Reconstructing Diffusion Networks from Incomplete Data

Authors: Hao Huang, Keqi Han, Beicheng Xu, Ting Gan

IJCAI 2022 | Conference PDF | Archive PDF | Plain Text | LLM Run Details

Reproducibility Variable Result LLM Response
Research Type Experimental Extensive experimental results on both synthetic and real-world networks verify the effectiveness and efficiency of our approach.
Researcher Affiliation Academia Hao Huang , Keqi Han , Beicheng Xu and Ting Gan School of Computer Science, Wuhan University, China {haohuang, hankeqi, beichengxu, ganting}@whu.edu.cn
Pseudocode No The paper describes the steps of the LIDO algorithm in narrative text and equations, but it does not present them in a structured pseudocode block or algorithm box.
Open Source Code No The paper does not provide any statement about making its source code available or a link to a code repository.
Open Datasets Yes We adopt LFR benchmark graphs [Lancichinetti et al., 2008]...Net Sci [Newman, 2006], a co-authorship network...DUNF [Wang et al., 2014], a microblogging network...Meme Tracker (http://memetracker.org)

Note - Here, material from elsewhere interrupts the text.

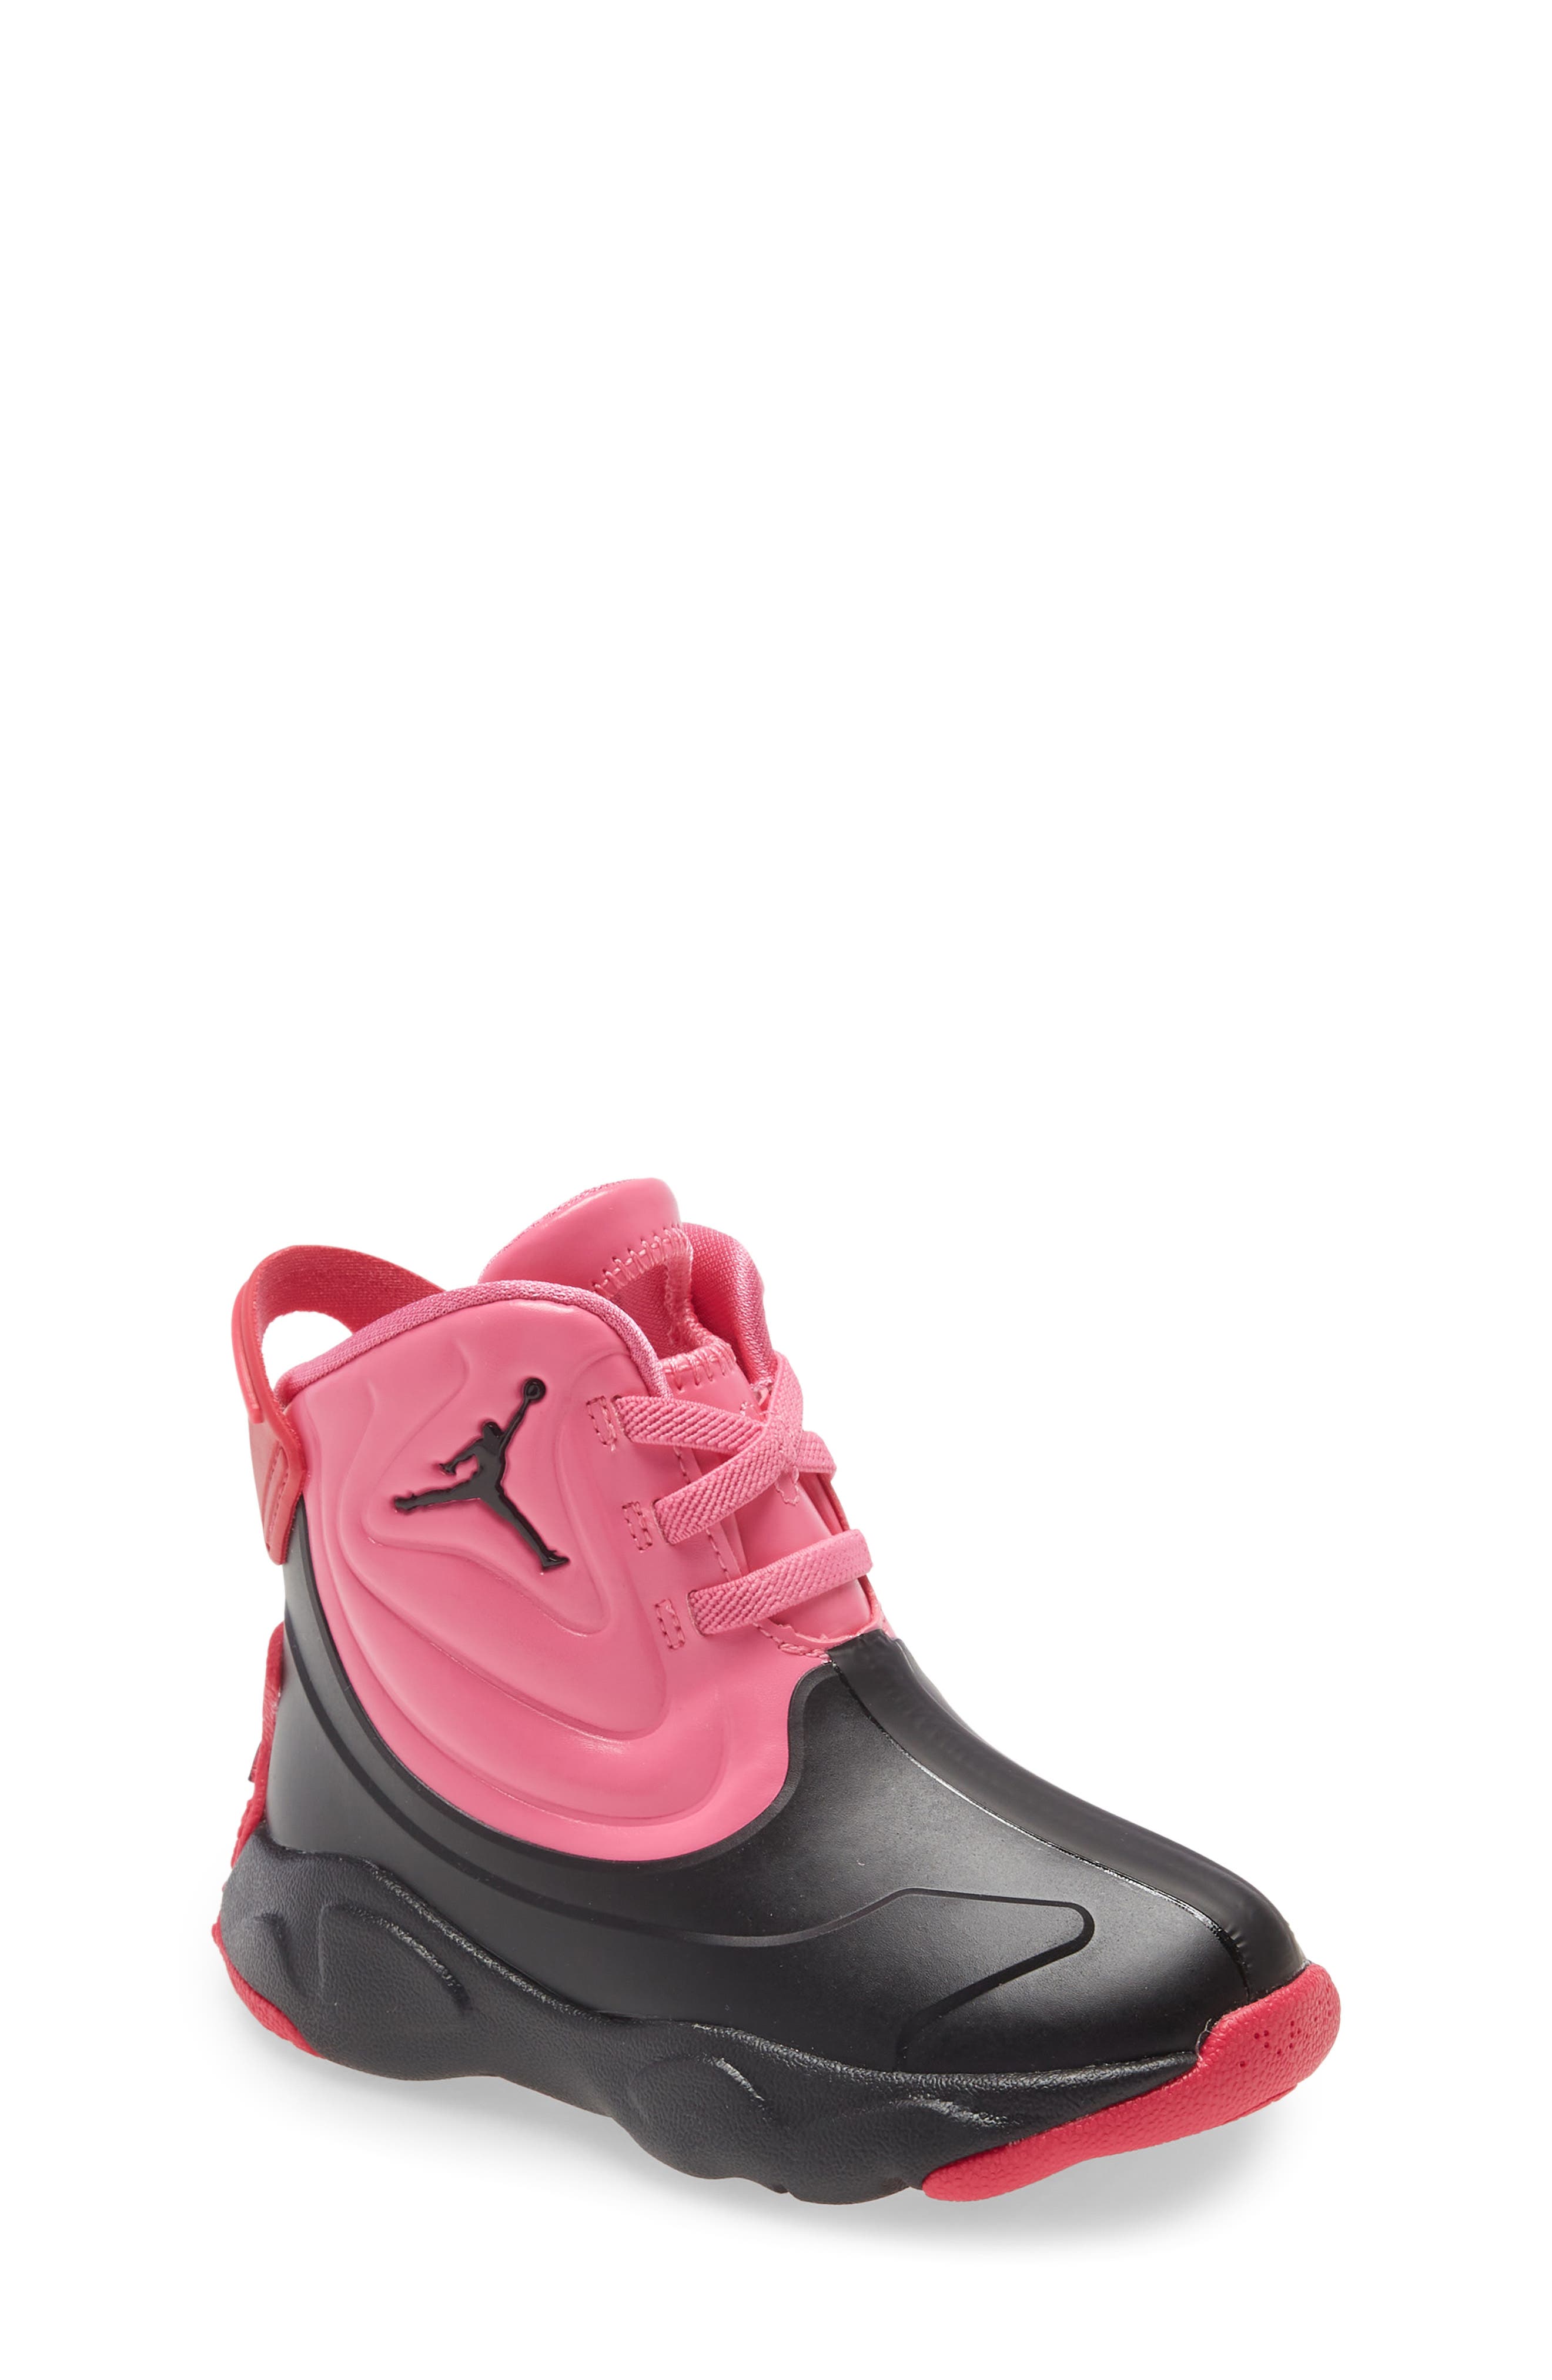 Girls' Jordan Boots \u0026 Booties | Nordstrom

Dataset Splits Yes We simulate 200 times of diffusion processes on each network (β = 200), and randomly remove 15% of infection status observations as unobserved data (γ = 0.15), and use the remaining observation data Sobs for diffusion network reconstruction.
Hardware Specification Yes All algorithms in the experiments are implemented in Python, running on a desktop PC with Intel Core i3-6100 CPU at 3.70GHz and 8GB RAM.

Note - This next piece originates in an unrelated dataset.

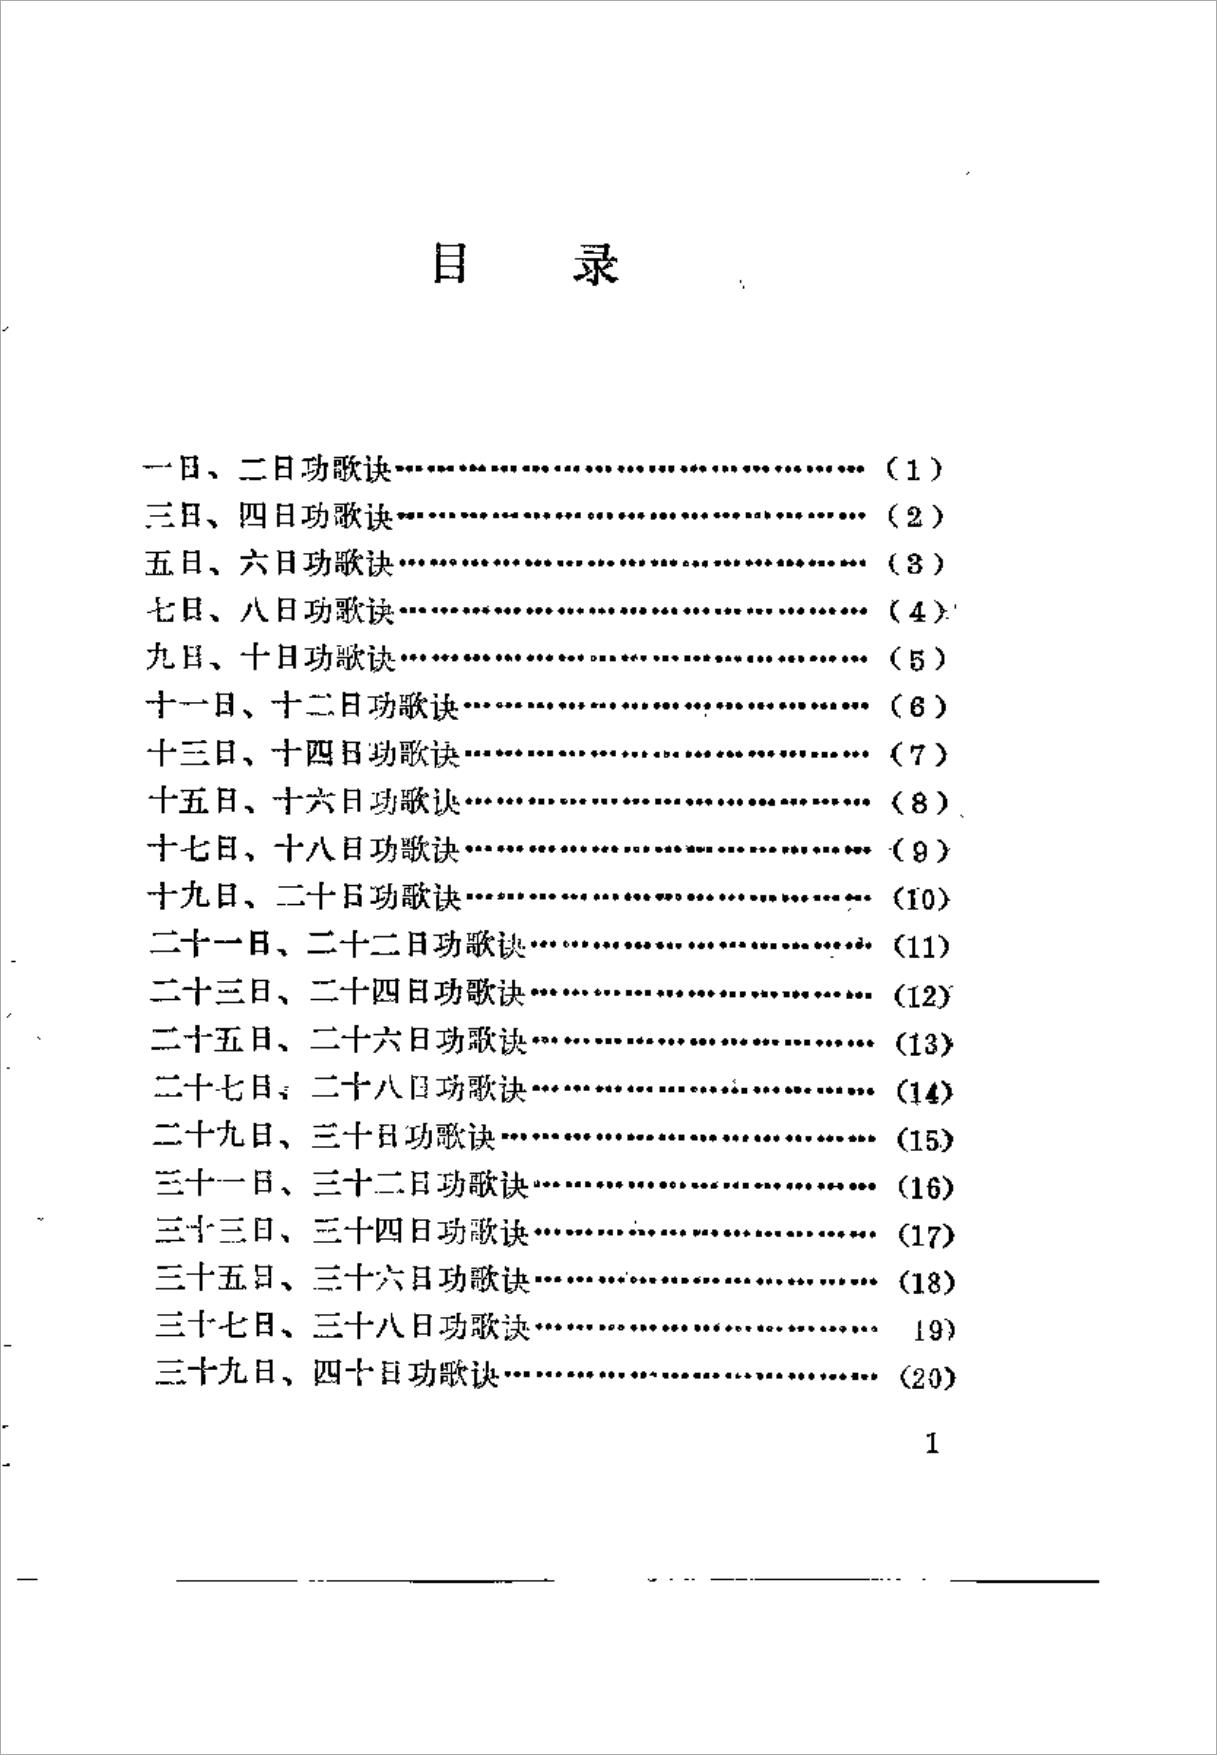 应时通灵歌（隆影）234页.pdf

Software Dependencies No The paper states that algorithms are "implemented in Python", but does not specify the version of Python or any other software libraries with their version numbers required for reproducibility.
Experiment Setup Yes In LIDO, the number m of sampling round is set to 6, the maximum number t of iterations is set to 5, and the stop condition for updating pji in each iteration is that the variation of each pji is less than 0.01.